Data |
....................
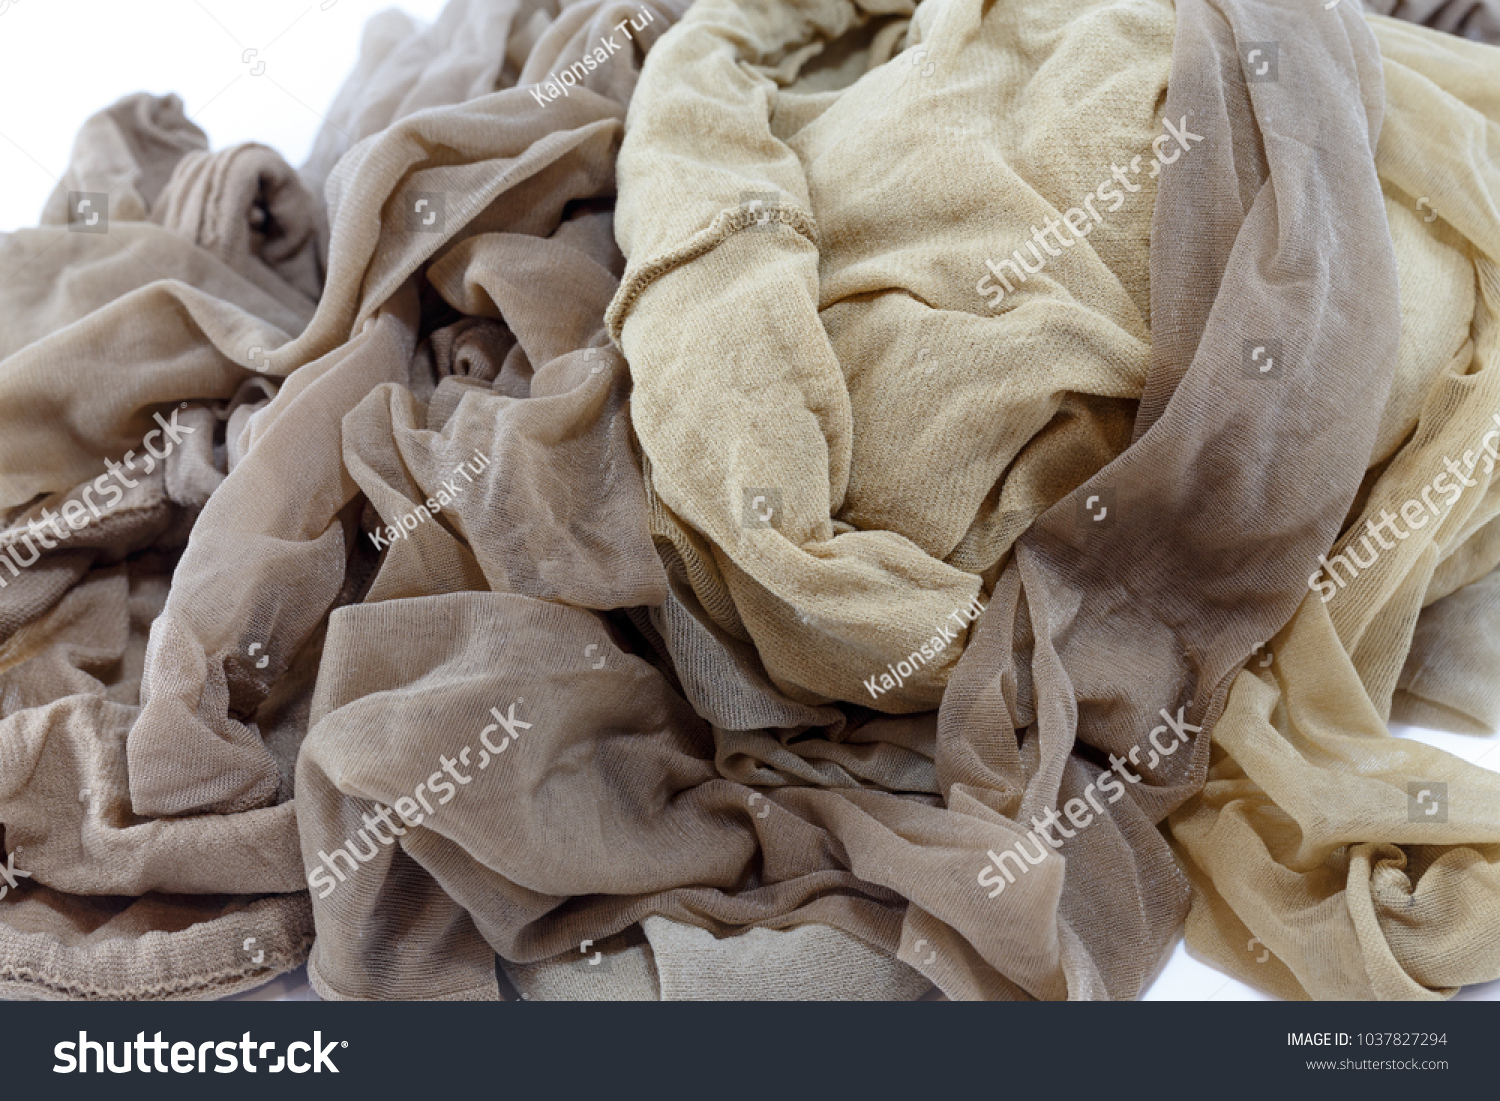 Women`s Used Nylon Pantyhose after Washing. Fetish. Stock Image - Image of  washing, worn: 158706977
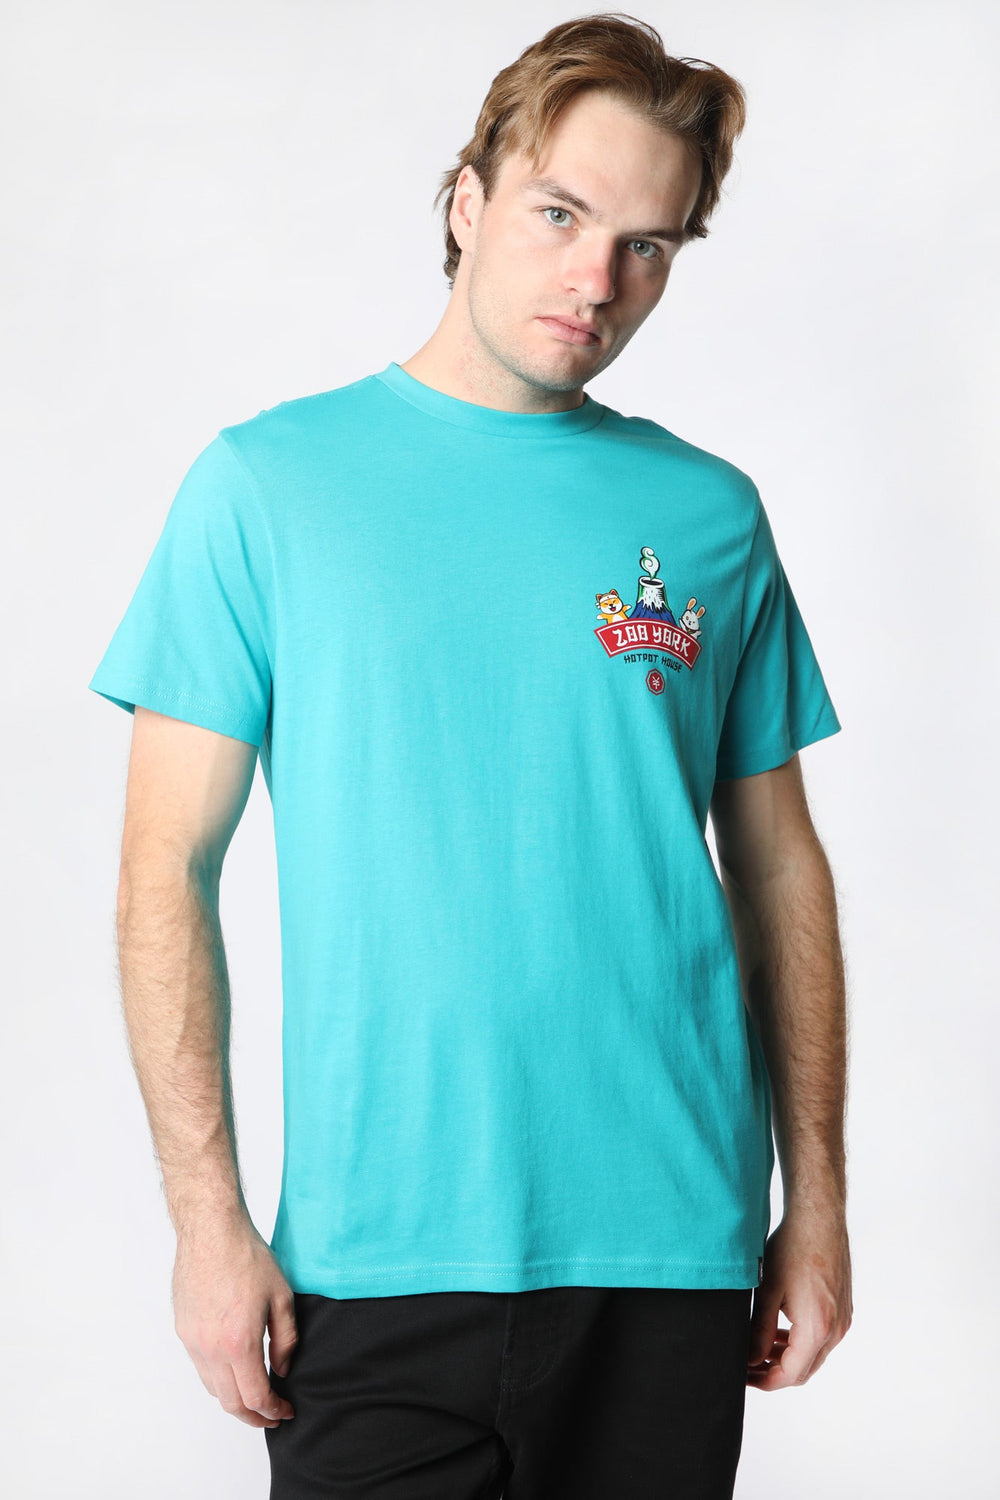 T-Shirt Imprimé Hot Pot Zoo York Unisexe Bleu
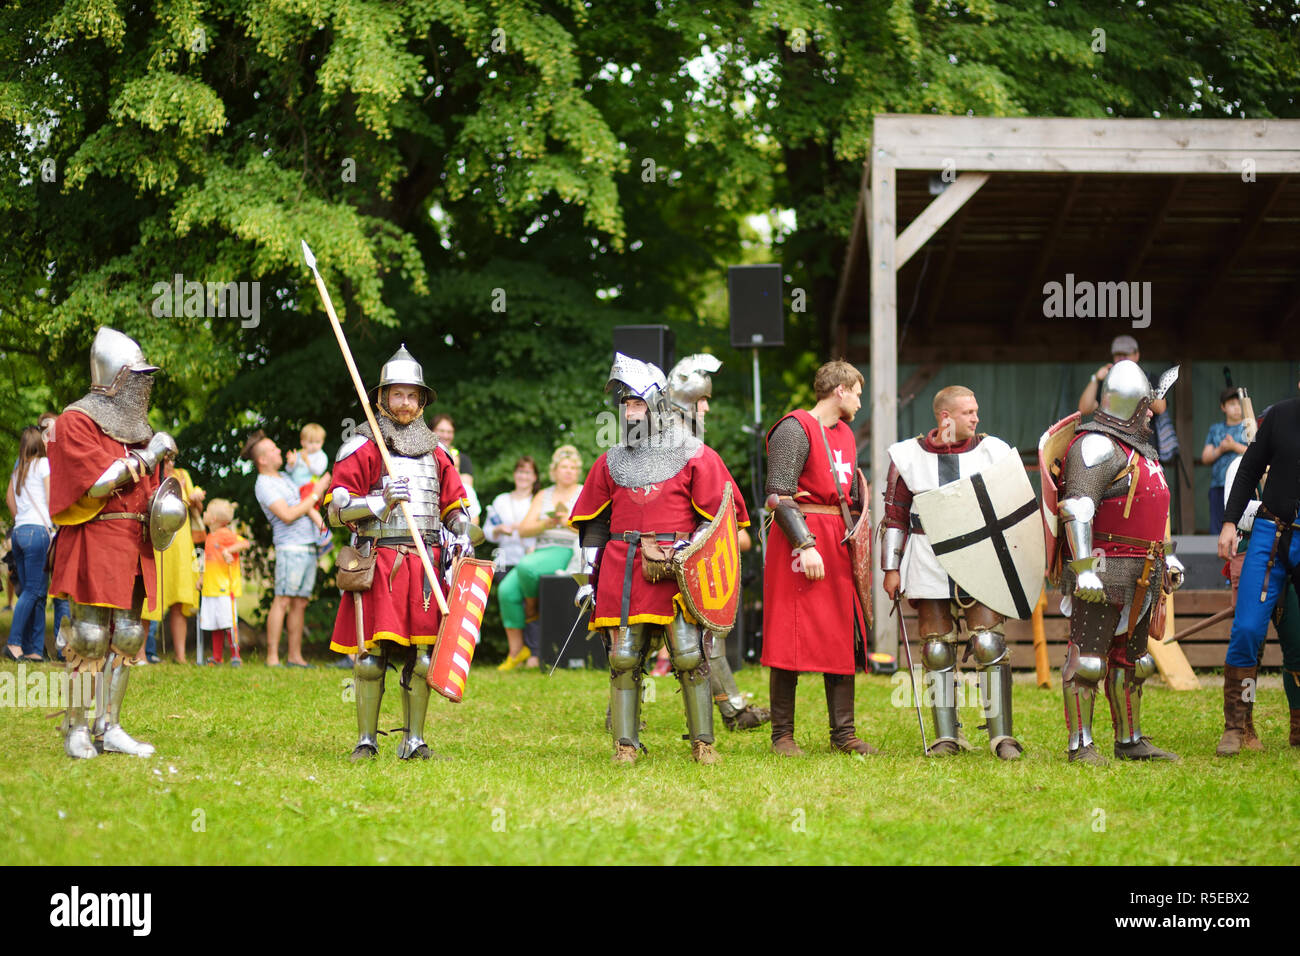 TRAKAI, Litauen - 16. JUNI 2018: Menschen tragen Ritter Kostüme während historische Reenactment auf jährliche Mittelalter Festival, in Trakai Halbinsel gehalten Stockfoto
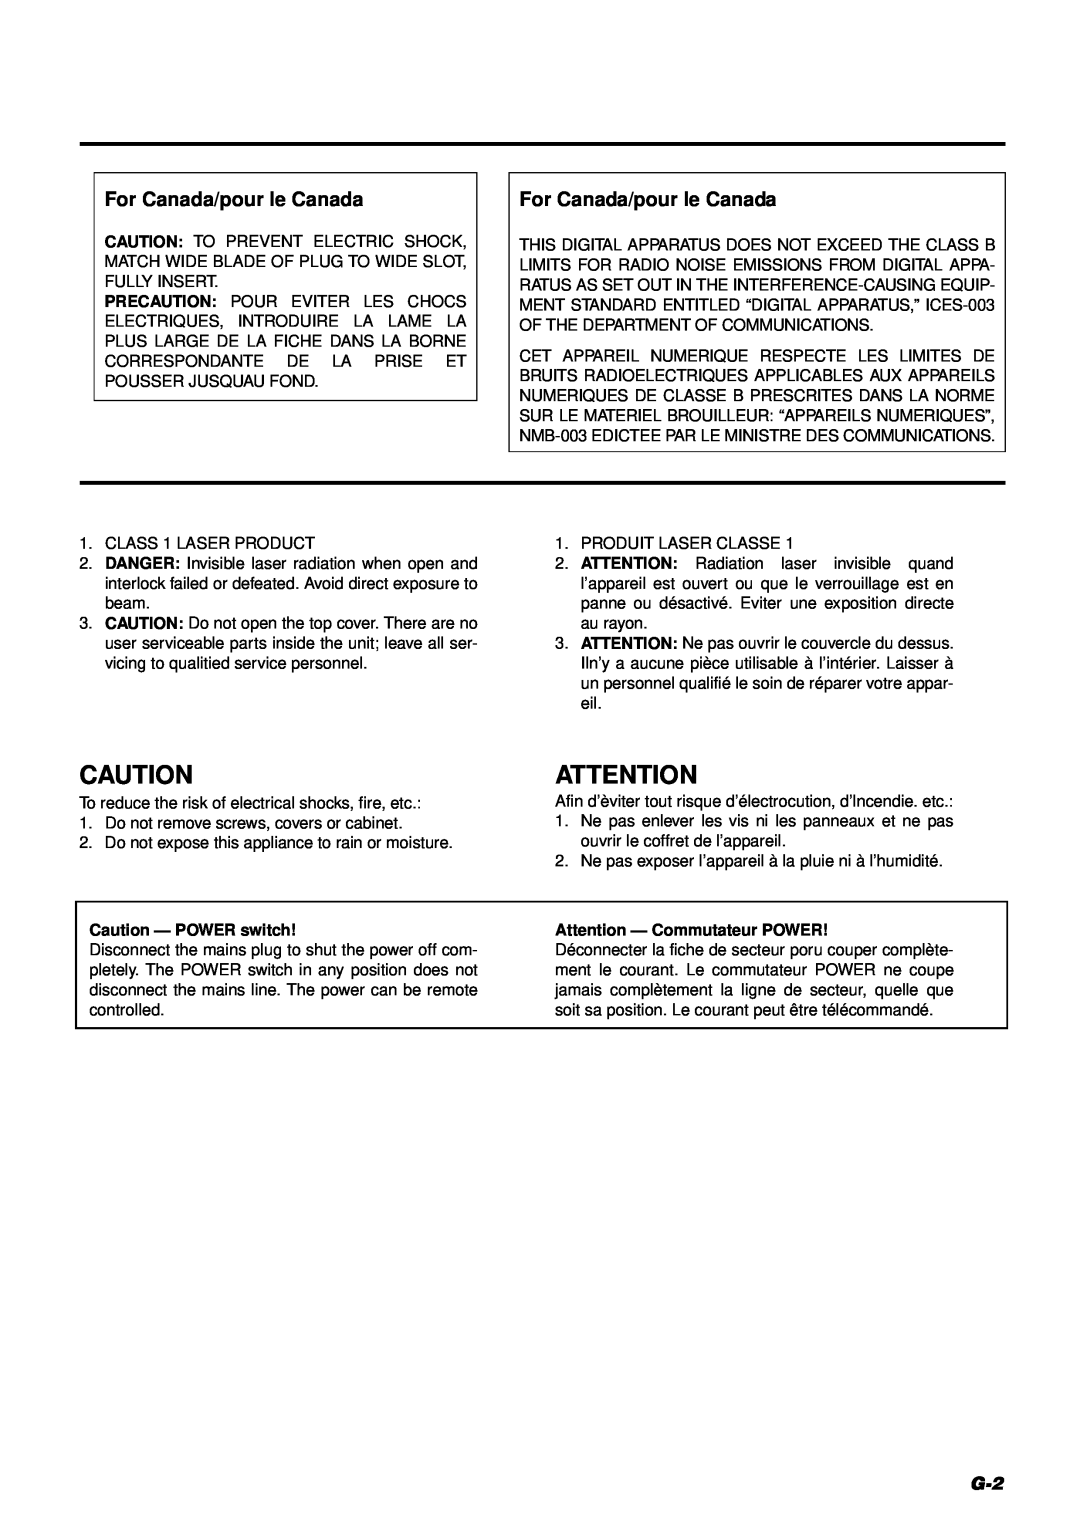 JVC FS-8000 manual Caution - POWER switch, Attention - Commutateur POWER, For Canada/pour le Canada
....................
Your task | Every line above should be returned exactly; the pictures stay out.

Task response |
 Women`s Used Nylon Pantyhose after Washing. Fetish. Stock Image - Image of  washing, worn: 158706977
 T-Shirt Imprimé Hot Pot Zoo York Unisexe Bleu
 TRAKAI, Litauen - 16. JUNI 2018: Menschen tragen Ritter Kostüme während historische Reenactment auf jährliche Mittelalter Festival, in Trakai Halbinsel gehalten Stockfoto
 JVC FS-8000 manual Caution - POWER switch, Attention - Commutateur POWER, For Canada/pour le Canada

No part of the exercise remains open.